DNS Outage Post Mortem

jjoe · on Jan 18, 2014

These are some of the corner cases that are put on the back burner en route to delivering an MVP. Just like you don't do early optimization of an infrastructure, you almost never enumerate all possible issues that can crop up under a less than ideal situation.

This isn't a GitHub only issue but rather one that would affect all quick-to-launch startups (most). What I'm learning from this is that one needs to regularly revisit the infrastructure and how it's glued together with the provisioning system.

If it's not broken, break it.

mahmoudimus · on Jan 19, 2014

+1. This is invaluable. This falls in line within a larger frame of thinking -- "immutable infrastructure." Schedule time to regularly provision your entire stack from ground up without any of the caching optimizations and have it run in production.

With tools like Chef & AWS CloudFormation, there shouldn't be an excuse.

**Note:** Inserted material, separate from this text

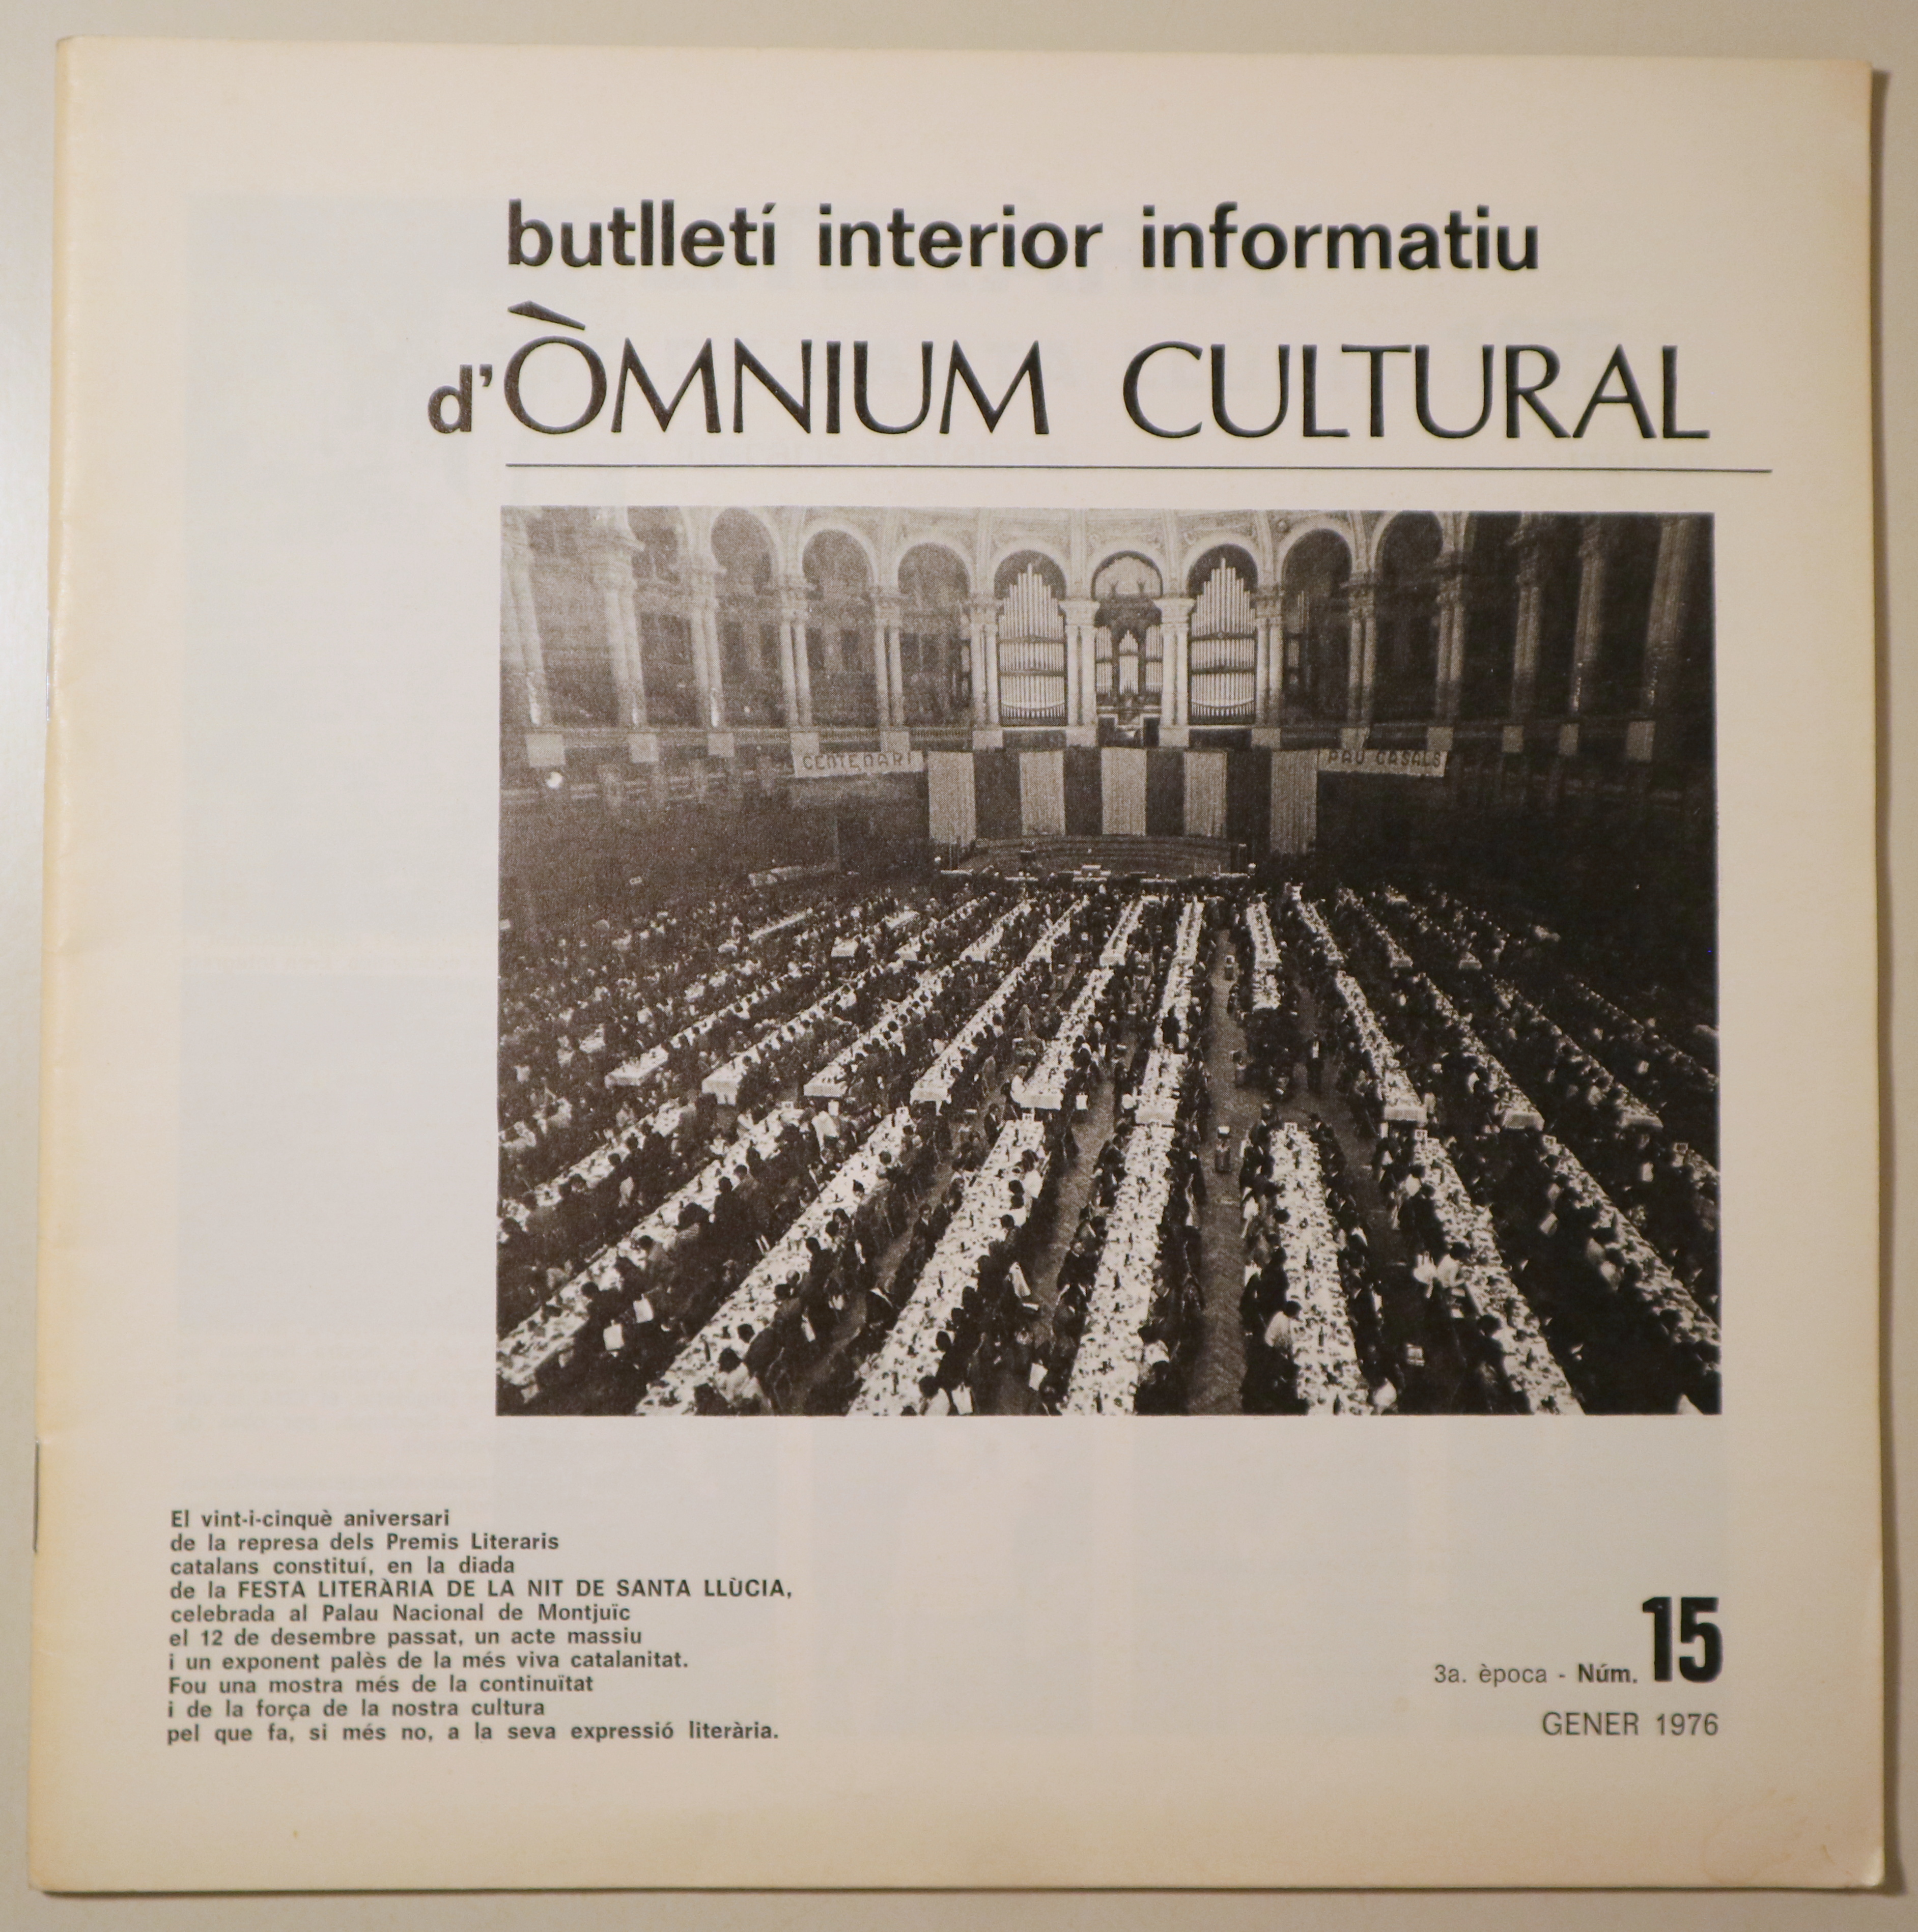 BUTLLETÍ INTERIOR INFORMATIU D'ÒMNIUM CULTURAL 3ª època, núm. 15. Gener 1976 - Barcelona 1976 - Il·lustrat
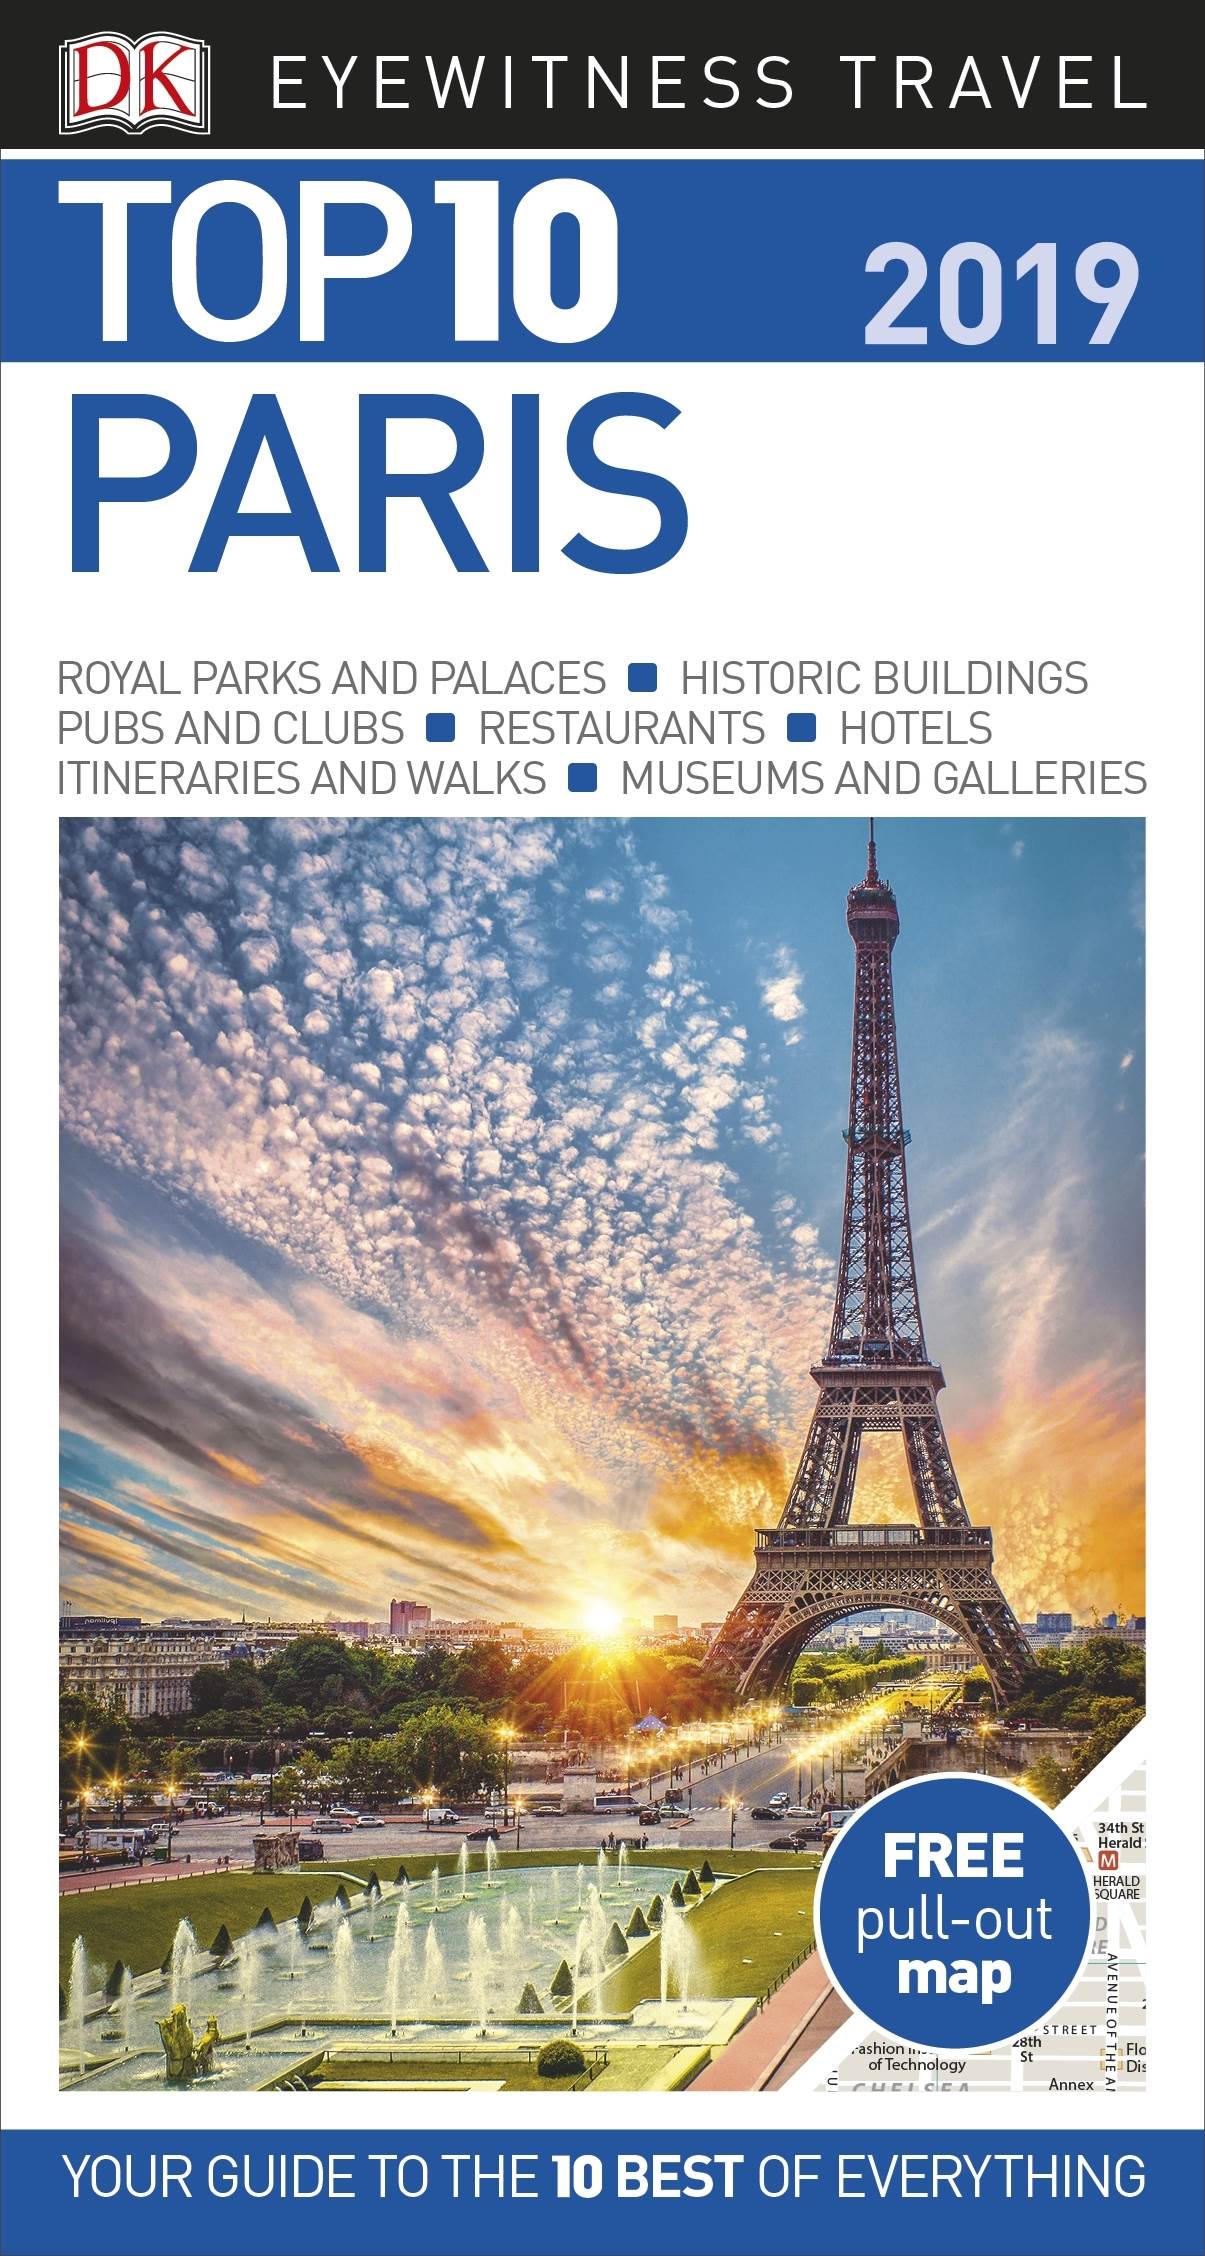 Travel　DK　Eyewitness　Guide　Travel　Top　by　10　Paris　DK　Eyewitness　Guides　(9780241311615)

bscanlan · on Jan 18, 2014

"an initial verification led us to believe the changes had been rolled out successfully"

I would love more detail in the type II error in this validation step, and is worth exploring deeper. What was the verification step? Why did it not detect the issue? What review process was used for the verification step?

While the failed verification step is not the root cause, having good safety checks are the most important part of planning good changes, whether they're DNS reconfigurations, network changes or software deployments.

jlgaddis · on Jan 19, 2014

I was surprised that the total amount of time between rolling out to the first servers, waiting, verifying, and then rolling out to the second set of servers was a whopping nine minutes.

Maybe I'm just too careful (perhaps because I've seen it happen before) but I prefer to wait a helluva lot longer than that for verification.

And perhaps it's because I dealt with Microsoft Active Directory so much in the past but I am extremely careful when it comes to DNS. If there's one thing that'll screw up your entire environment (especially in an AD-based network), it's broken DNS.

badmadrad · on Jan 19, 2014

This is why i like Chef...i feel there are tools out there to test your code better....FoodCritic...ChefSpec...Test Kitchen...before rolling to production and having to validate machines in production....ouch

overworkedasian · on Jan 18, 2014

Who in the right mind would schedule a critical infrastructure upgrade during the day?

colmmacc · on Jan 18, 2014

That's a very tough call to make. Making changes at off-peak times makes some sense, especially if you think there's a likelihood of disruption. But if you're planning for the unexpected, it can be best to make changes when people are their most alert and when plenty of help is around and available. Also, in a fast moving quickly growing business, there's really only so often you can come in at very anti-social hours before burning out.

MetaCosm · on Jan 18, 2014

It is always day somewhere (see this visually specifically to github: http://aasen.in/github_globe/). Best do the work when YOUR A-Team is available, awake, and alert.

I doubt there is a time when they wouldn't have disrupted a significant part of their userbase. Even if you assume a specific place has the majority of users (San Fransisco, Germany, whatever) developers tend to work odd hours anyway.

calpaterson · on Jan 18, 2014

Firstly, deploying during the day is good because if something goes wrong, the entire team is physically present to deal with it. Second, Github is used worldwide, which means 24 hours a day, so there isn't a "night" to deploy during.

kawsper · on Jan 18, 2014

What is the difference between day and night when your users are worldwide?

colmmacc · on Jan 18, 2014

There is significant variance in population per timezone, and even more significant variance in internet-usage per time zone. Much of this variance is just demographic, but most of it is actually geographic. An interesting and convenient thing about the present layout of the world is that the Pacific Ocean takes up almost half of it, and almost half of the world's land masses are uninhabitable tundra and desert (that's not so relevant to time peaks though).

This has the great effect of lowering the median travel times and information transmission latencies between the world's population centers, and it means that for at least this geological epoch; we're always going to have daily global peak and off-peak times for human-driven activity.

ook · on Jan 18, 2014

A reasonable approximation is to model a sine wave per region with peak amplitude based on typical usage patterns. For example entertainment services will peak in evenings and at weekends, business services will peak during typical core hours Monday to Friday. With enough users spread across enough regions you never have a good time for all users so in practice it is better to engineer things so you can do deploys / maintenance whenever is best for the teams working on the service.

iwasphone · on Jan 18, 2014

13:20 PST = 16:20 EST

nullrouted · on Jan 19, 2014

What a seriously dumb outage to have. I'm still confused about it after reading the the RFO.